Inevitably, your first few ‘glory’ shots hit the net, or worse, your partner.  That is if you are lucky!  The majority of badminton players that I consult professionally are injured and when questioned regarding their pre-game preparation almost all of them report that they spend a few minutes knocking-up before a game.  My response is always the same: ‘knocking-up is not warming-up!’

If I was perfectly honest, the majority of the injured players that I see could have prevented their ‘minor’ injuries by warming-up properly and this starts as early as the morning before the game.  We should take light meals at regular intervals and drink plenty of water (avoiding tea, coffee and alcohol which are diuretics).  Well fuelled, hydrated cells perform much better than dehydrated ones.  We should manage our diaries so that we can be at the match venue at least twenty minutes before the match begins.  This time should be spent performing simple stretches, especially concentrating on the arms, chest, lower back, thighs and calves.  Stretching helps increase the blood flow and ‘drainage’ of muscles and prepares the fibres by elongating them.

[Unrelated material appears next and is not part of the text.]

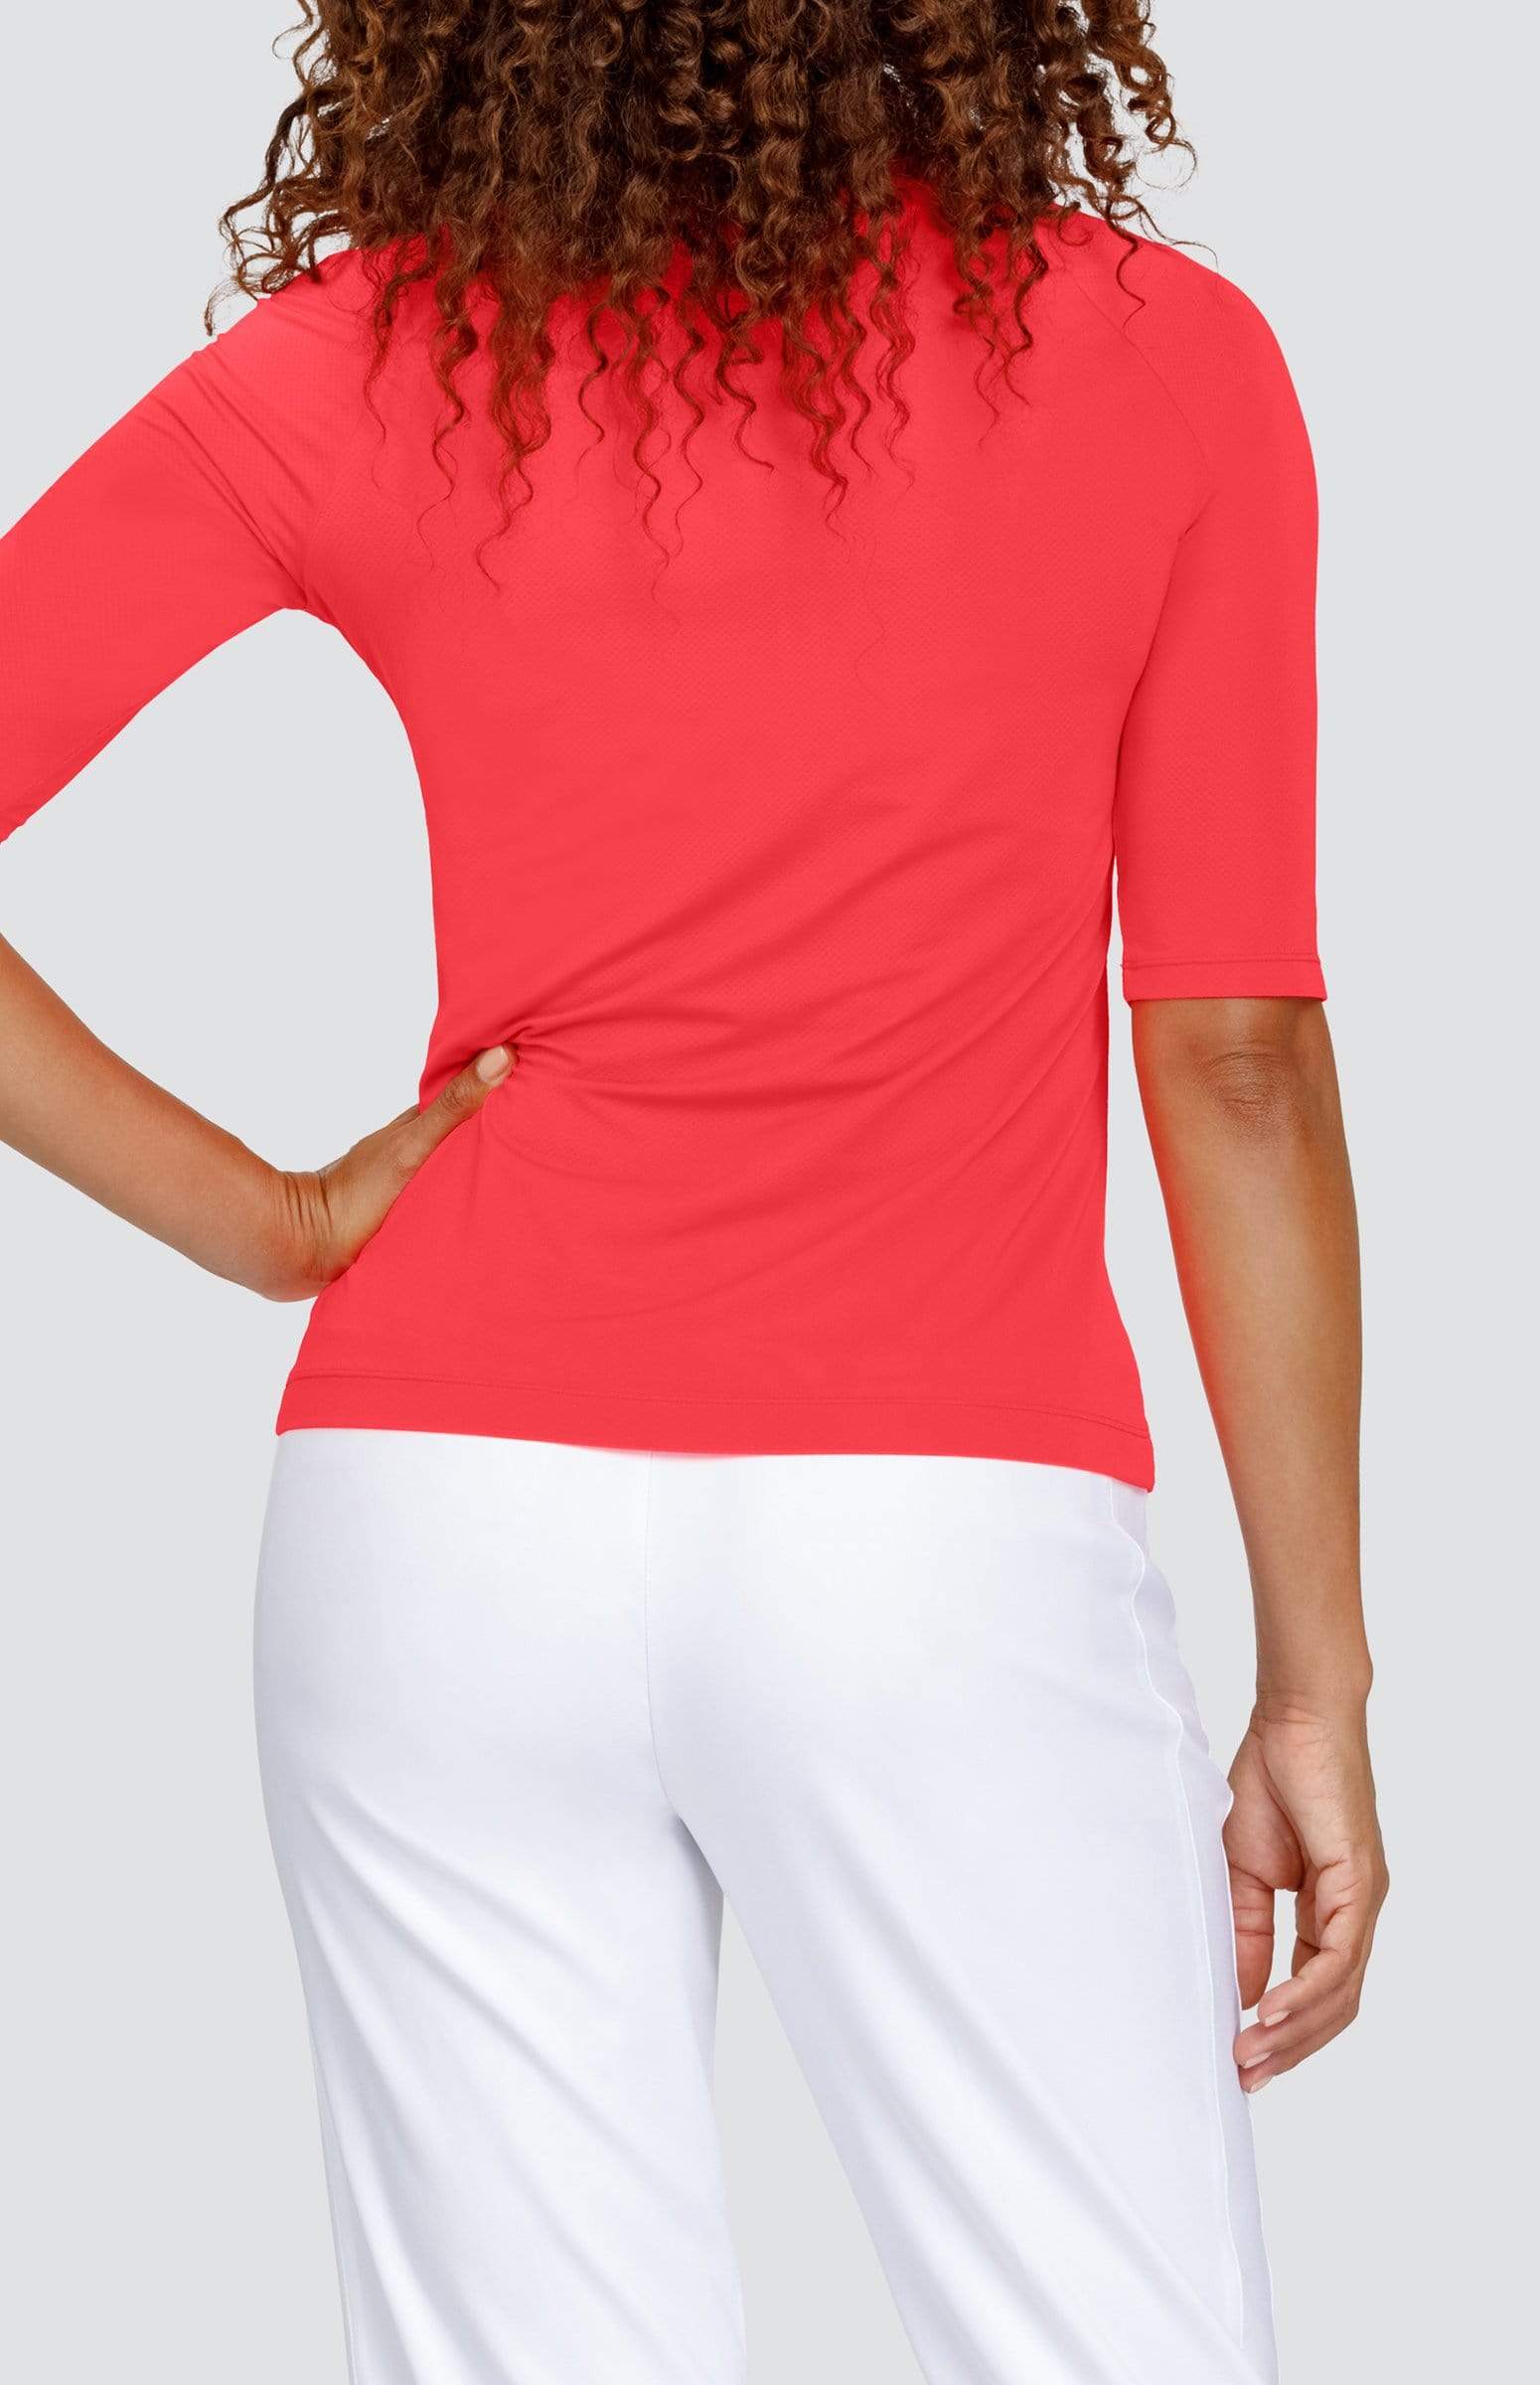 Tail Activewear Oakley Women's Golf Top - Aurora - FINAL SALE - Fore Ladies  - Golf Dresses and Clothes, Tennis Skirts and Outfits, and Fashionable  Activewear
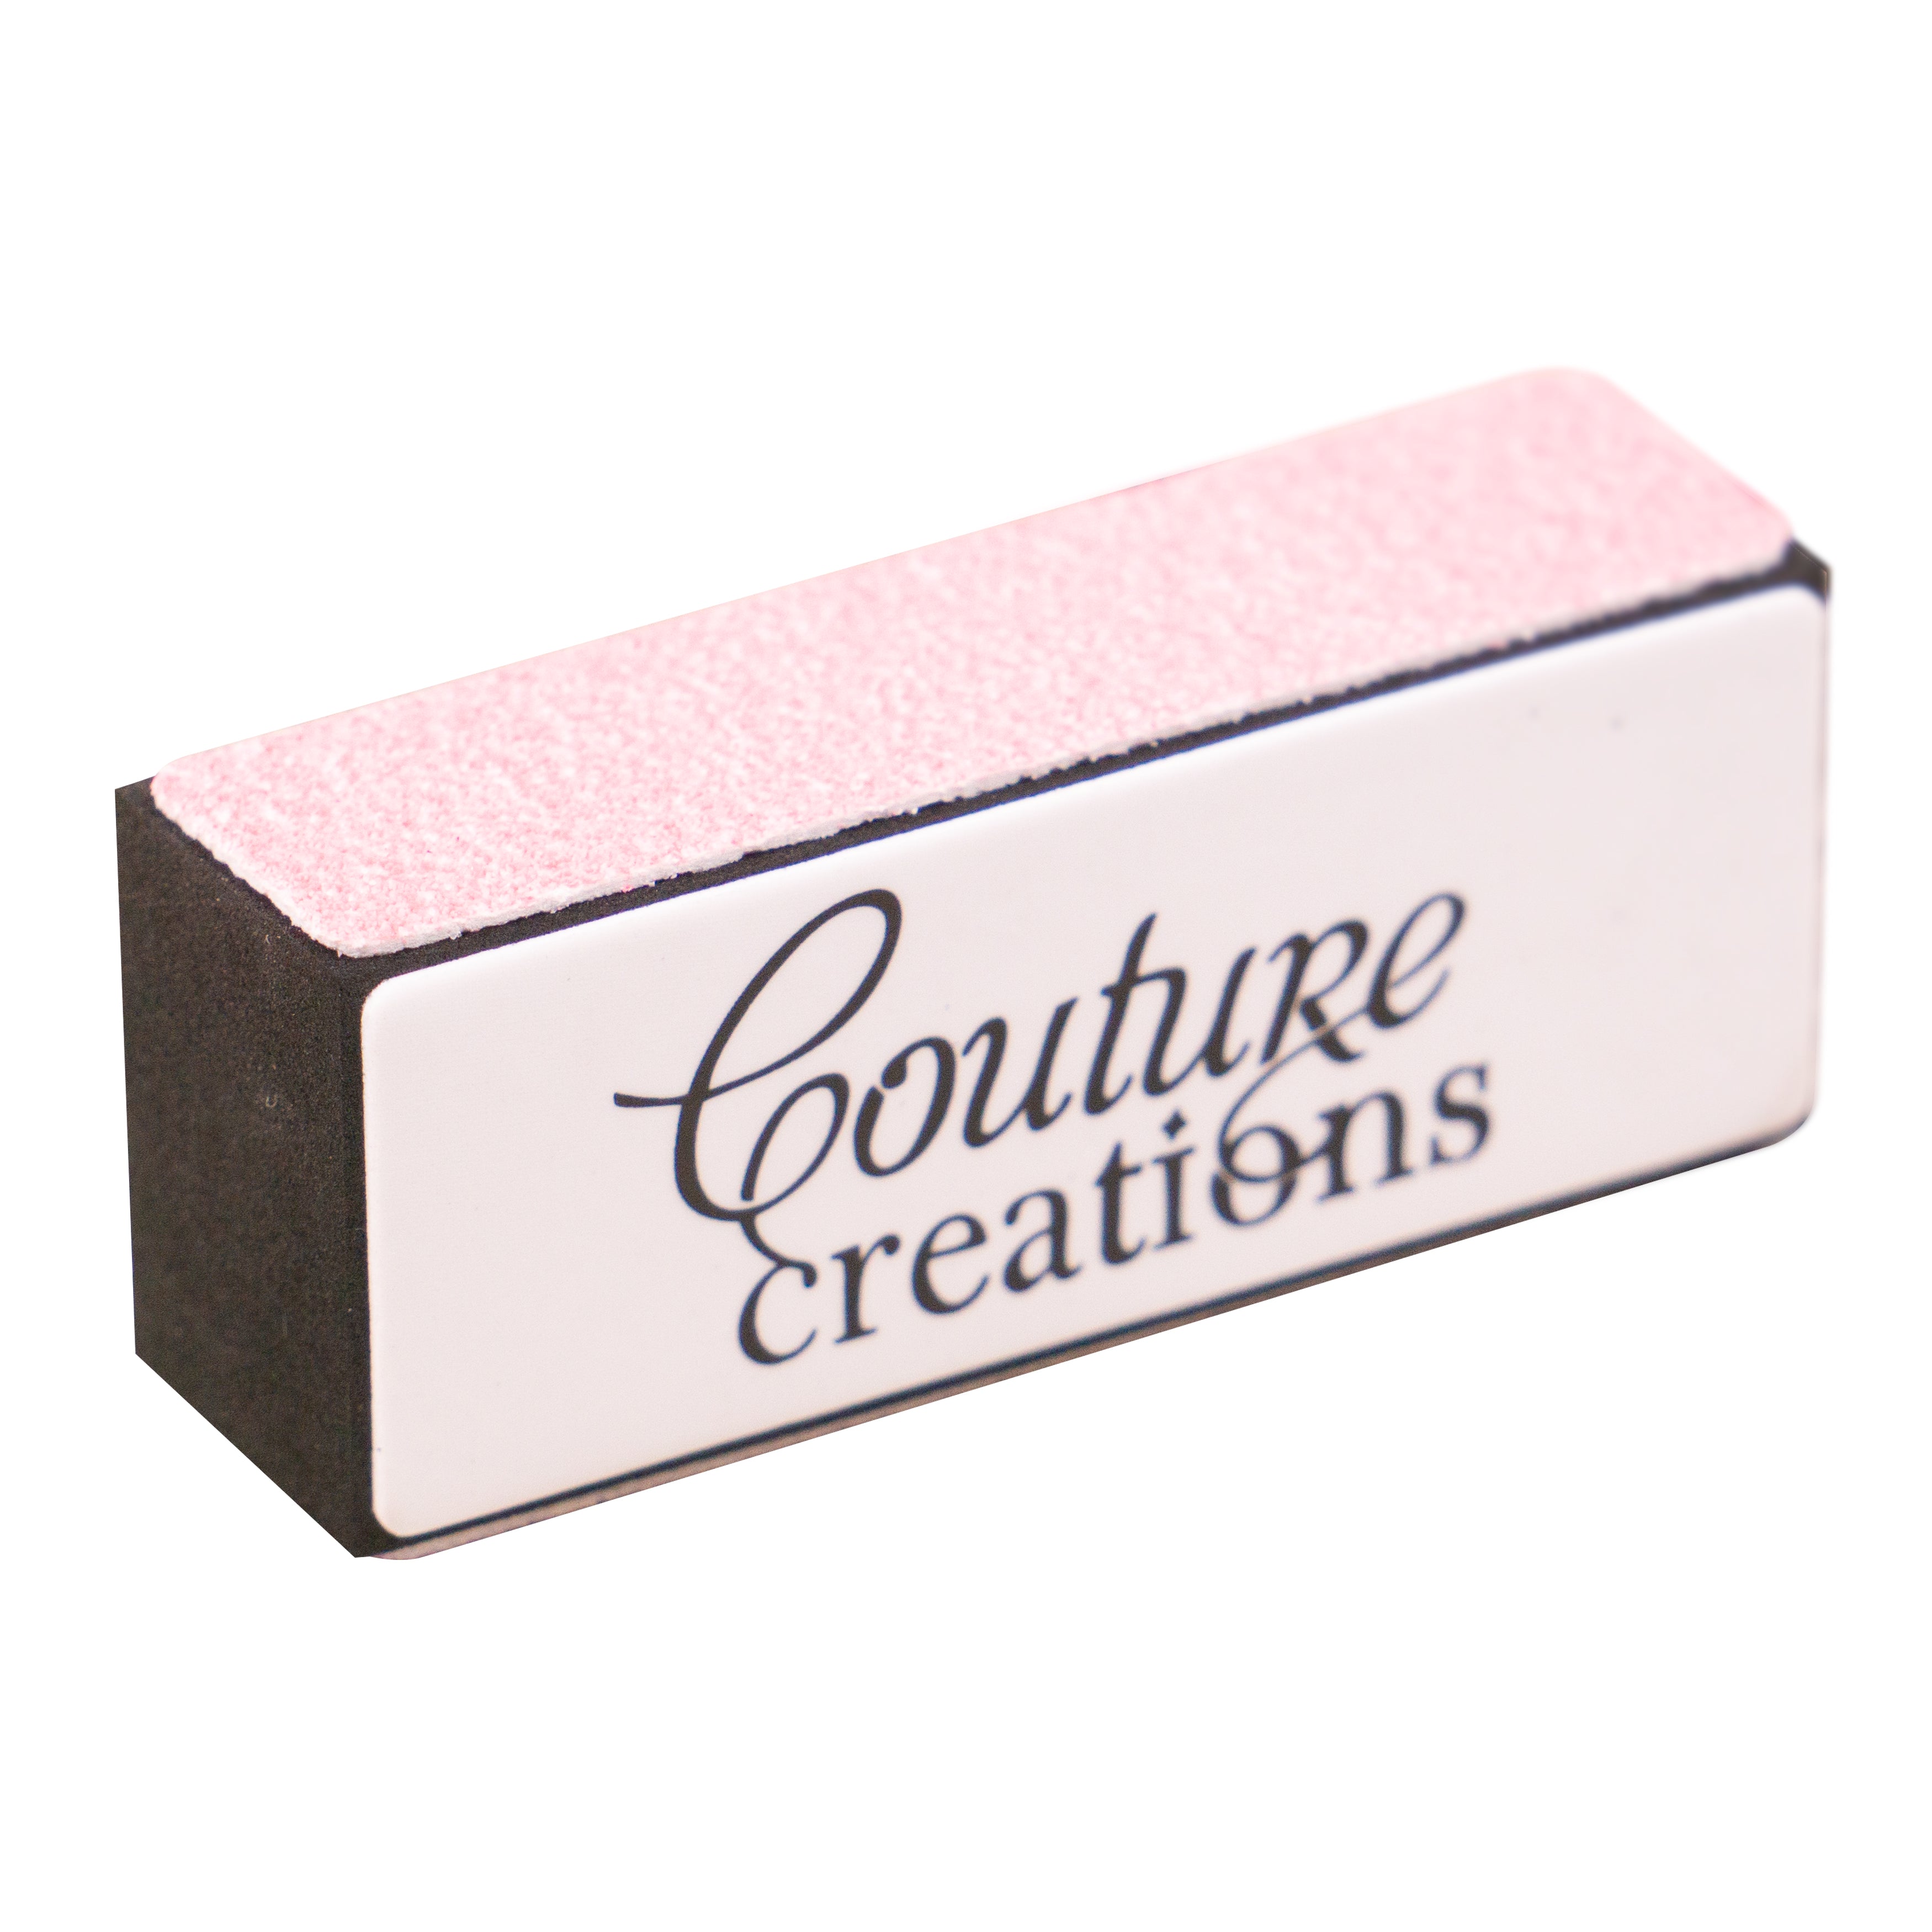 Couture Creations - Heat Tool for Crafting 723978

We are now able to play some practice shots before the game commences.  This should be a structured routine of short play, clears and overhead shots, not a quick ‘knock’ whilst discussing Eastenders!  When the game starts you can rely on the fact that your musculoskeletal system is well prepared for the task in hand. With any luck, your first ‘smash’ will be a turning point in the game and your partner will not have any scars to show for their labours.